The agent will still have KV (photographic) memory but memory_recall semantic search will be unavailable.
See docs/memory/semantic-memory.md for details.
CLI Commands
| Command |
Description |
agent run <file> |
Execute a workflow |
agent validate <file> |
Check syntax without running |
agent inspect <file> |
Show workflow/package structure |
agent pack <dir> |
Create a signed package |
agent verify <pkg> |
Verify package signature |
agent install <pkg> |
Install a package |
agent keygen |
Generate signing key pair |
agent setup |
Interactive setup wizard |
agent help |
Show help |
agent version |
Show version |
Makefile Targets
make build # Build to ./bin/agent
make install # Install to ~/.local/bin/agent
make install-system # Install to /usr/local/bin (requires sudo)
make test # Run all tests
make test-cover # Run tests with coverage report
make docker-build # Build Docker image
make clean # Remove build artifacts
make help # Show all available targets
Flags
| Flag |
Description |
--config <path> |
Config file (default: agent.json) |
--input key=value |
Provide input (repeatable) |
--policy <path> |
Security policy file |
--workspace <path> |
Override workspace directory |
Packaging
Create distributable, signed agent packages.
Generate Signing Keys
./agent keygen -o my-key
# Creates: my-key.pem (private, keep secret!) and my-key.pub (share for verification)
Create a Package
./agent pack ./my-agent \
--sign my-key.pem \
--author "Your Name" \
--email "you@example.com" \
--license MIT \
-o my-agent-1.0.0.agent
Package Structure
my-agent/
├── Agentfile # Required: workflow definition
├── manifest.json # Optional: additional metadata (outputs, deps)

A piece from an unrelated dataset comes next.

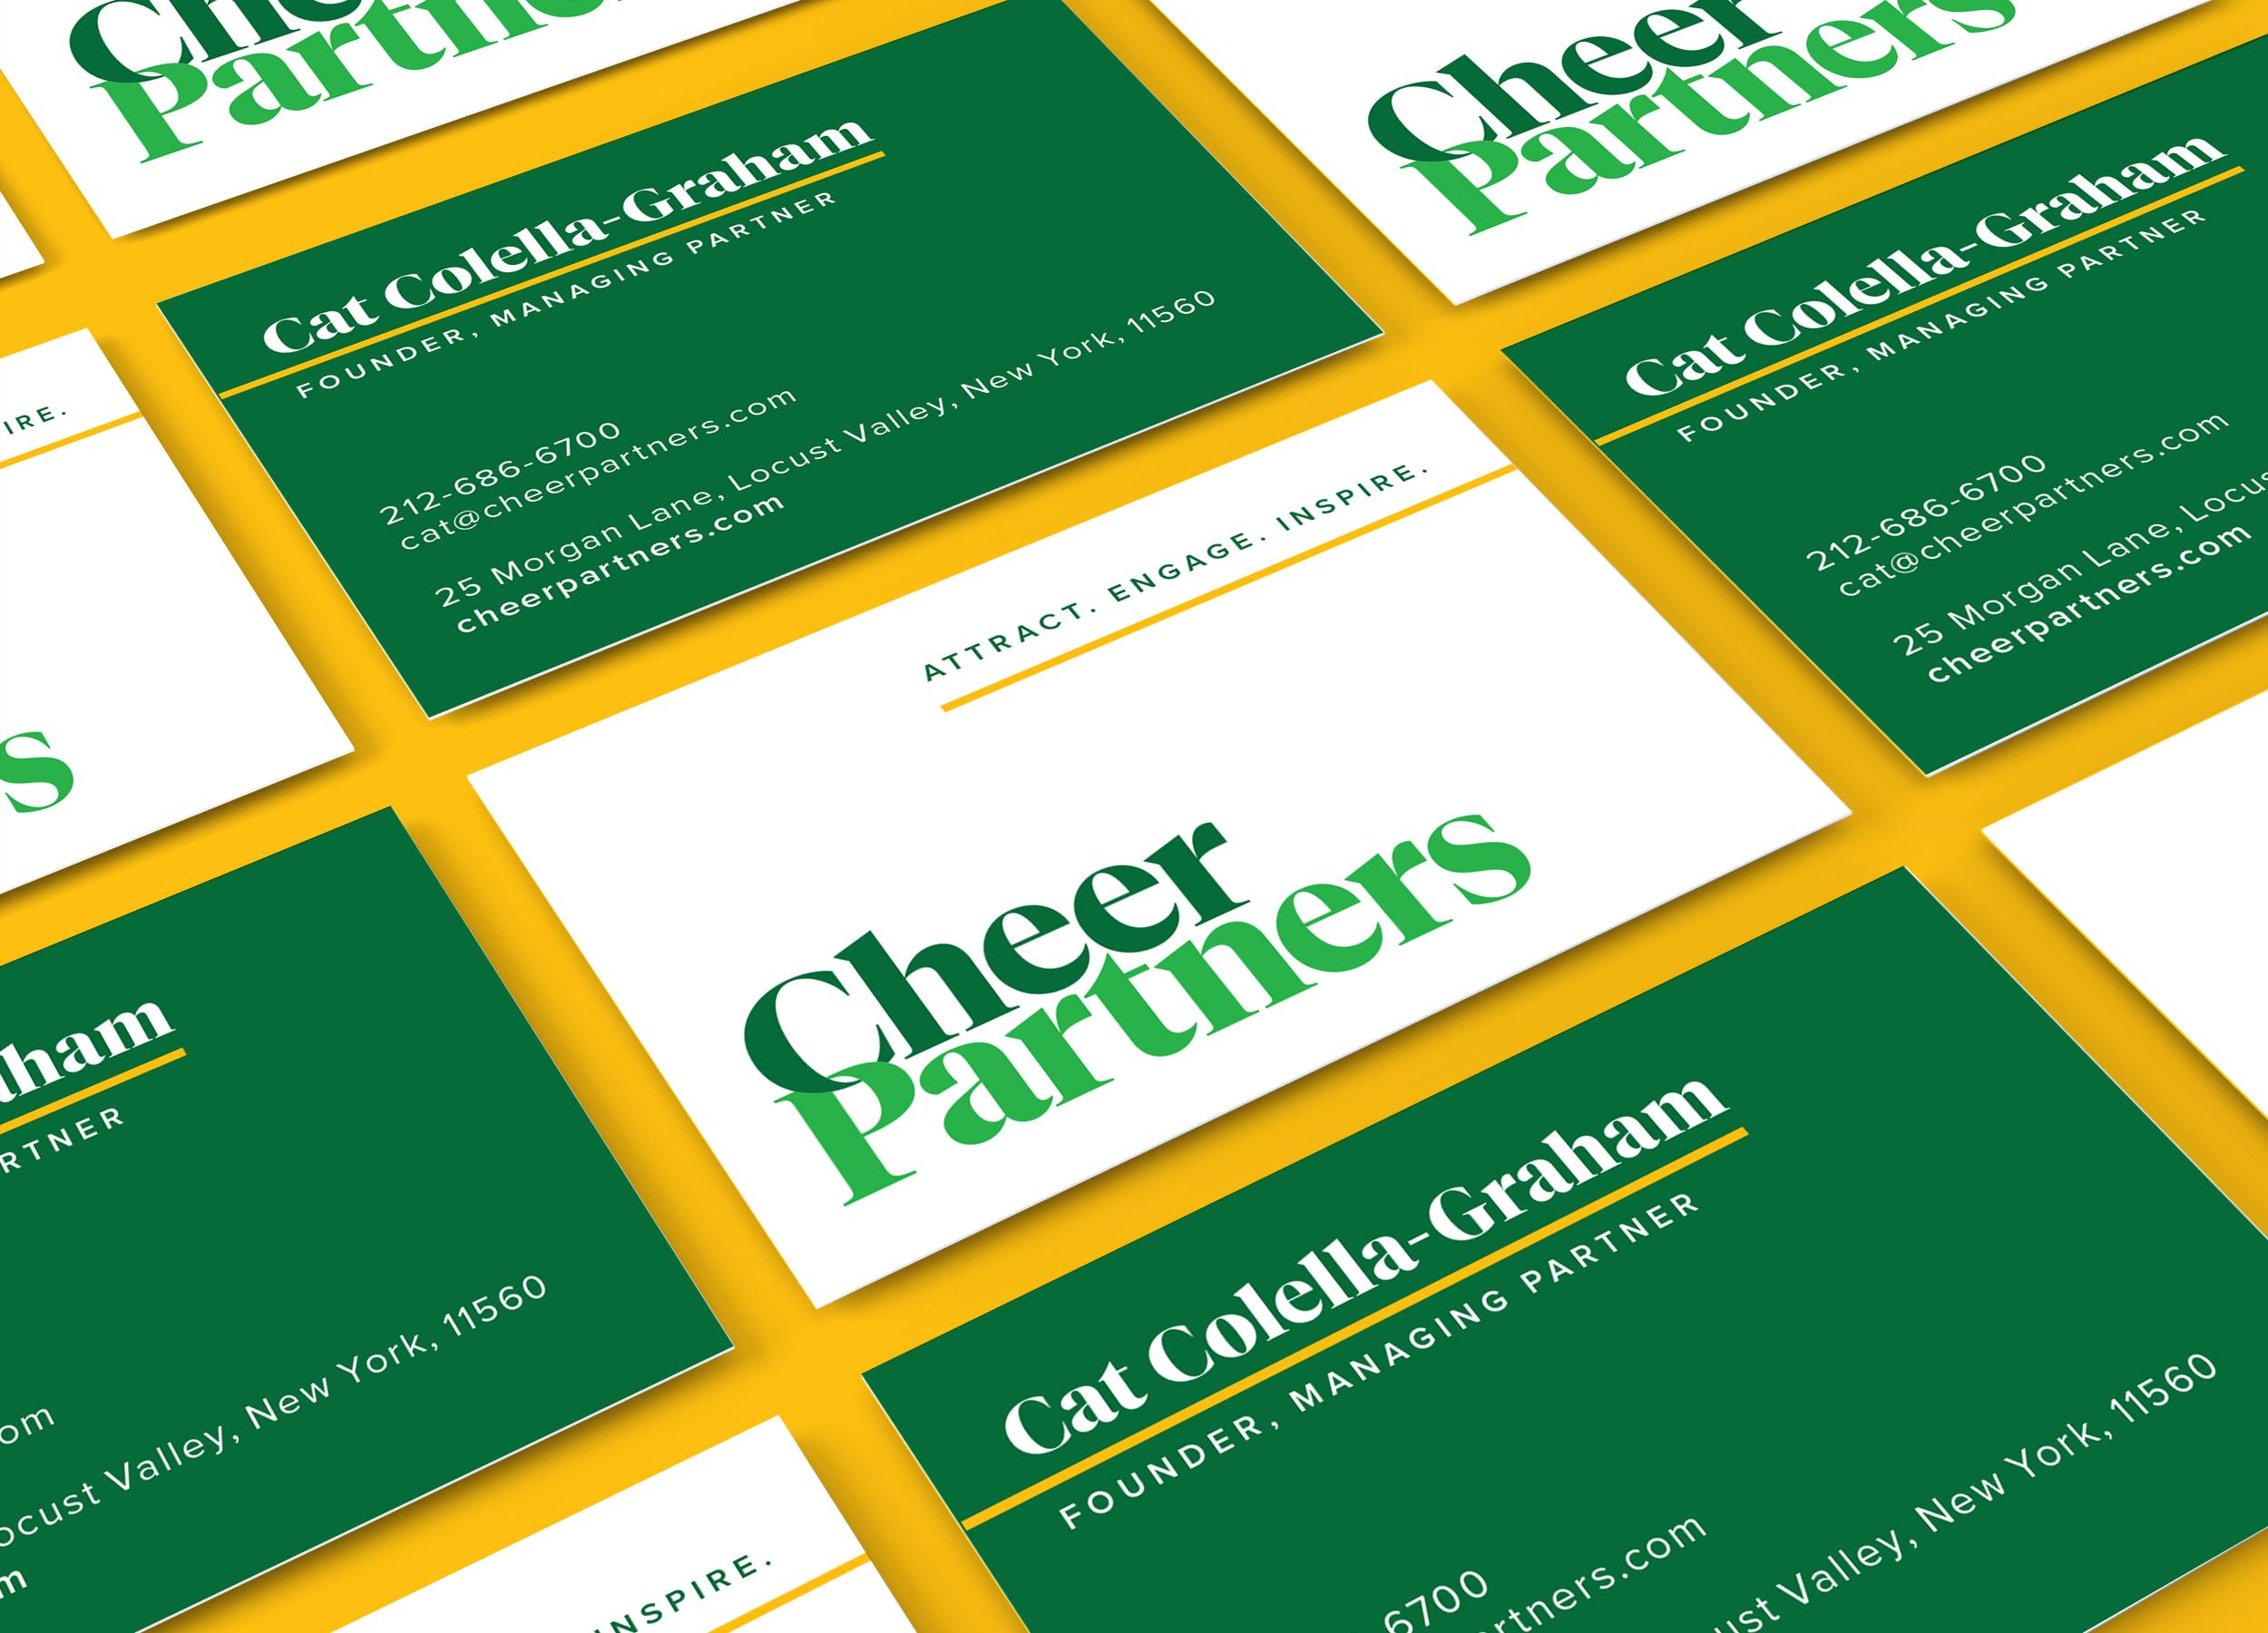 CHEER_cards.jpg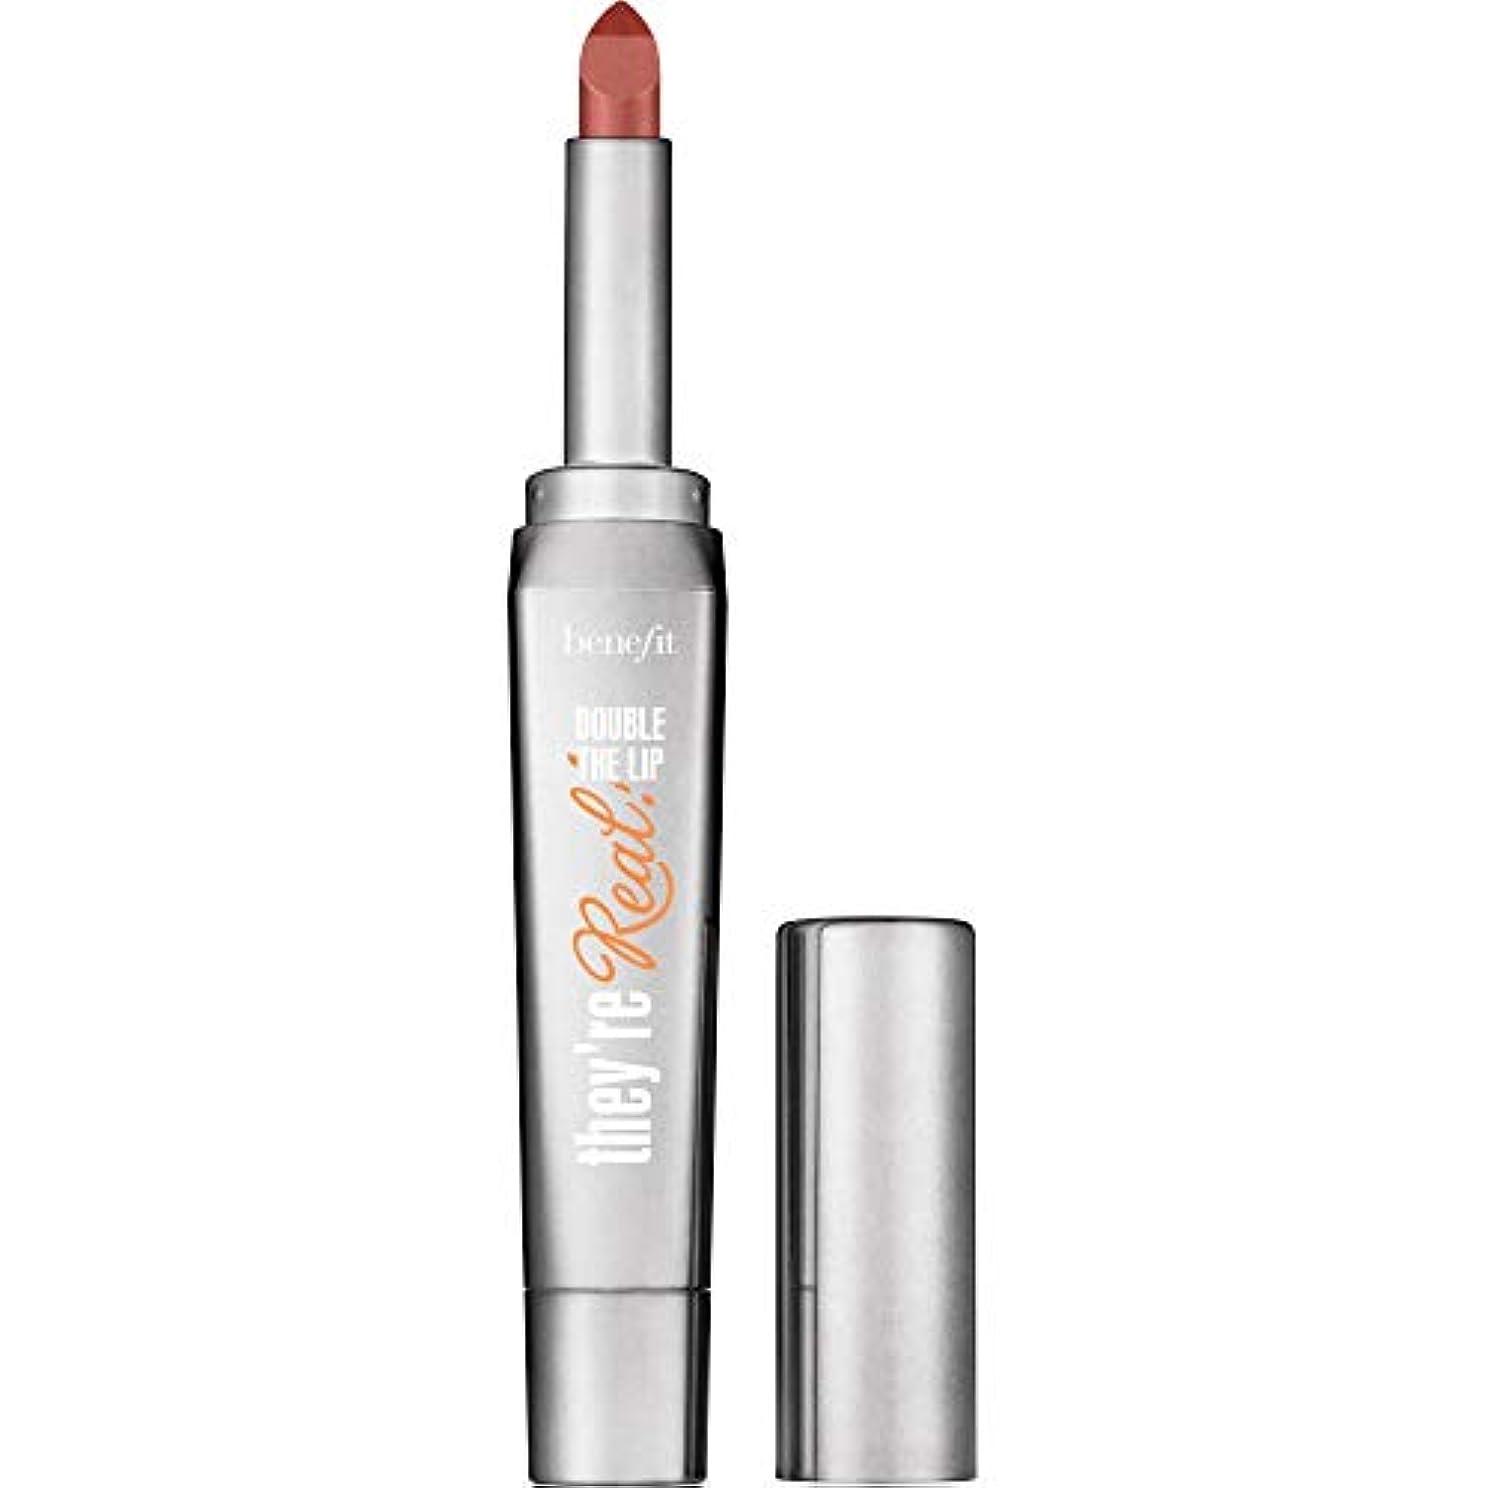 寂しい検閲強化するBenefit Cosmetics They're Real Double The Lip Beyond Sexy Lipstick & Liner In One in Revved Up Red (Cherry Red...

├── agents/ # Agent persona files
├── goals/ # Goal prompt files
└── policy.toml # Default security policy
Manifest (Optional)
Create manifest.json for additional metadata not in Agentfile:
{
"name": "my-agent",
"version": "1.0.0",
"description": "What this agent does",
"outputs": {
"report": {"type": "string", "description": "Generated report"}
},
"dependencies": {
"helper-agent": "^1.0.0"
}
}
Note: name, version, inputs, and requires are auto-extracted from Agentfile.
Verify a Package
./agent verify my-agent-1.0.0.agent --key author.pub
Inspect a Package
./agent inspect my-agent-1.0.0.agent
Install a Package
# Install with dependencies
./agent install my-agent-1.0.0.agent
# Skip dependencies (for A2A setups)
./agent install my-agent-1.0.0.agent --no-deps
# Preview what would be installed
./agent install my-agent-1.0.0.agent --dry-run
Packages install to ~/.agent/packages/<name>/<version>/.
Security Policy
Create policy.toml to restrict tool access:
default_deny = true
workspace = "/path/to/workspace"
[tools.read]
enabled = true
allow = ["$WORKSPACE/**"]
deny = ["**/.env", "**/*.key"]
[tools.write]
enabled = true
allow = ["$WORKSPACE/**"]
[tools.bash]
enabled = true
allowlist = ["ls *", "cat *", "grep *"]
denylist = ["rm *", "sudo *"]
[tools.web_fetch]
enabled = true
allow_domains = ["api.github.com", "*.example.com"]
rate_limit = 10
Security Framework
The agent includes a comprehensive security framework to defend against prompt injection and other attacks when processing untrusted content.
Key Features
- Trust-Tagged Content Blocks: All content is tagged with trust levels (
trusted, vetted, untrusted) and types (instruction, data)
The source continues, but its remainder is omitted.